Hi all, I am very sorry if this question is very trivial. I have a list of fasta coordinates for the multiple sequence fasta file. For example
Id start position End position
1398 4 8
1398 5 10
1398 12 15
1756 25 30
1756 28 35
Is it possible to convert the top table as given below?
ID start Position End position
1398 4 10
1398 12 15
1756 25 35
Here is my actual part of the raw data
So basically I am looking for a way that gives me non-overlapping fasta coordinates from the over lapping coordinates. I saw a very similar question on this link : http://www.biostars.org/post/show/7825/how-to-get-non-overlapping-coordinates-from-a-list-that-contains-overlapping-coordinates/ but it does not help in my case as I have unique IDs instead of chromosome numbers. I tried to convert it to bed format using sortBed but it seems to give me this error "Error: malformed GFF entry at line 1. Start was greater than end. Exiting"
I got these columns from Blast results which are based on the contig assembly. Now I want to form a sequence based on those blast results. I hope this question is clear.
Benm's solution from http://www.biostars.org/post/show/7825/how-to-get-non-overlapping-coordinates-from-a-list-that-contains-overlapping-coordinates/ works perfectly on your dataset. Did you try it?
I tried but it should not report/output sub-region within the region. It means that, we still get region 5-10 even if it covered under region 4-12. According to his solution, it should take that into account but it does not seem so. I might be missing some tricks.
Could you give an example (editing your question for instance) of what output you get with Benm's solution? I get exactly the solution you describe in your question...

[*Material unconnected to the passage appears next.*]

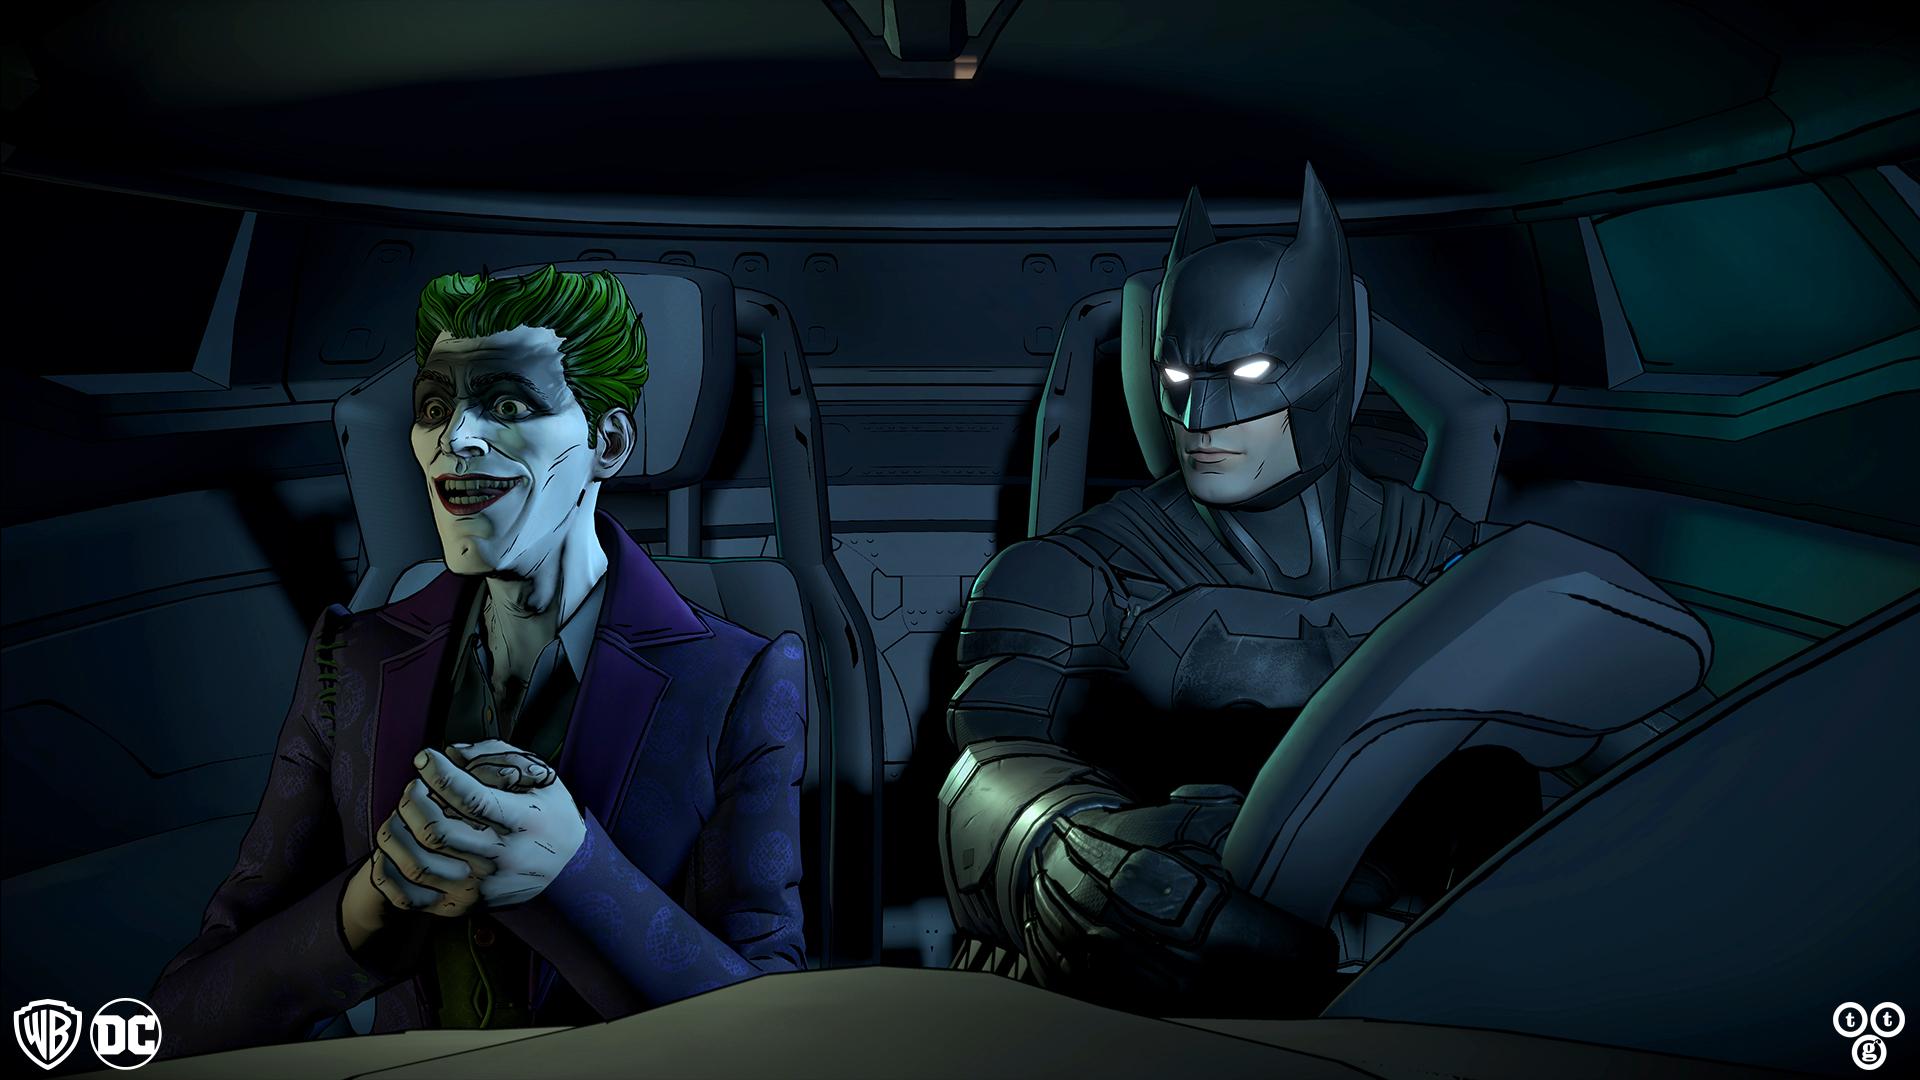 Последний эпизод Batman: The Enemy Within выйдет 27 марта
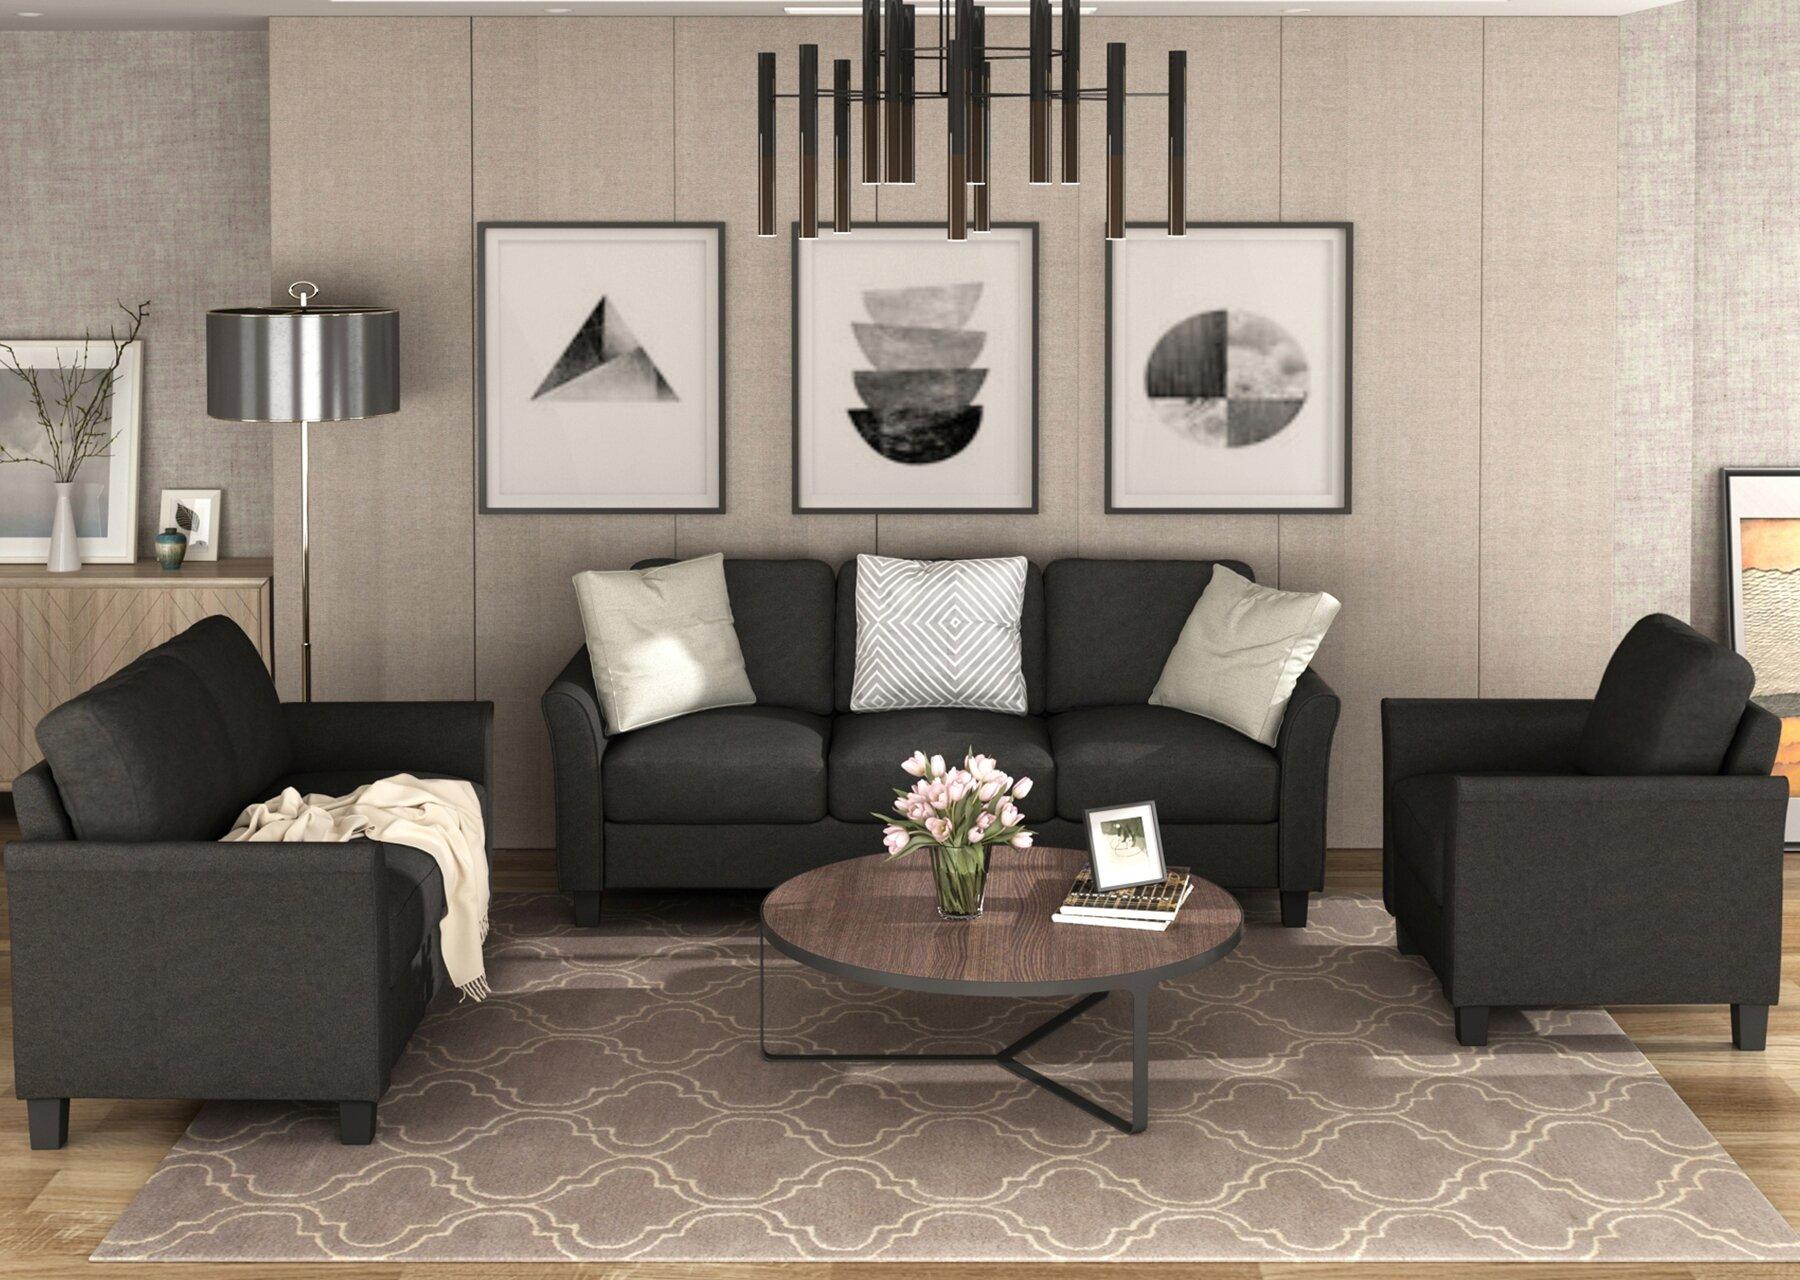 Living Room Sets Furniture Armrest Sofa Single Chair Sofa Loveseat Chair  11-seat Sofa (chairloveseat Chair&11-seat Sofa, Black)

Benm's solution works for some coordinates but then on some parts it does not work. Here is the input file http://pastie.org/4221091 Here is the output file http://pastie.org/4221095
I think I understood. I edited my code and added
if ($data[2] < $new[2])
. I think now it should work on your sorted file and will not report so called underlaps. Please have a look.Vikas, your solution works for some coordinates just as Benm's solution. Please see my input and output file in the previous reply. Thanks again.
There are 2 problems in your input file because of which you are not getting desired results with my code. One is that the file is not sorted and for that I have already mentioned to use sort command on first 2 columns. Second is that you have negative strands also. Do you want to treat them separately or you want to merge them also.
Eg- If you have
You want to merge them or want to keep them separately?
I want to merge them.
Please see my edit and let me know if it works.
It works pretty well. Thank you.
My textfile does not contain any header line. I am using it to illustrate my question. Sorry about the confusion.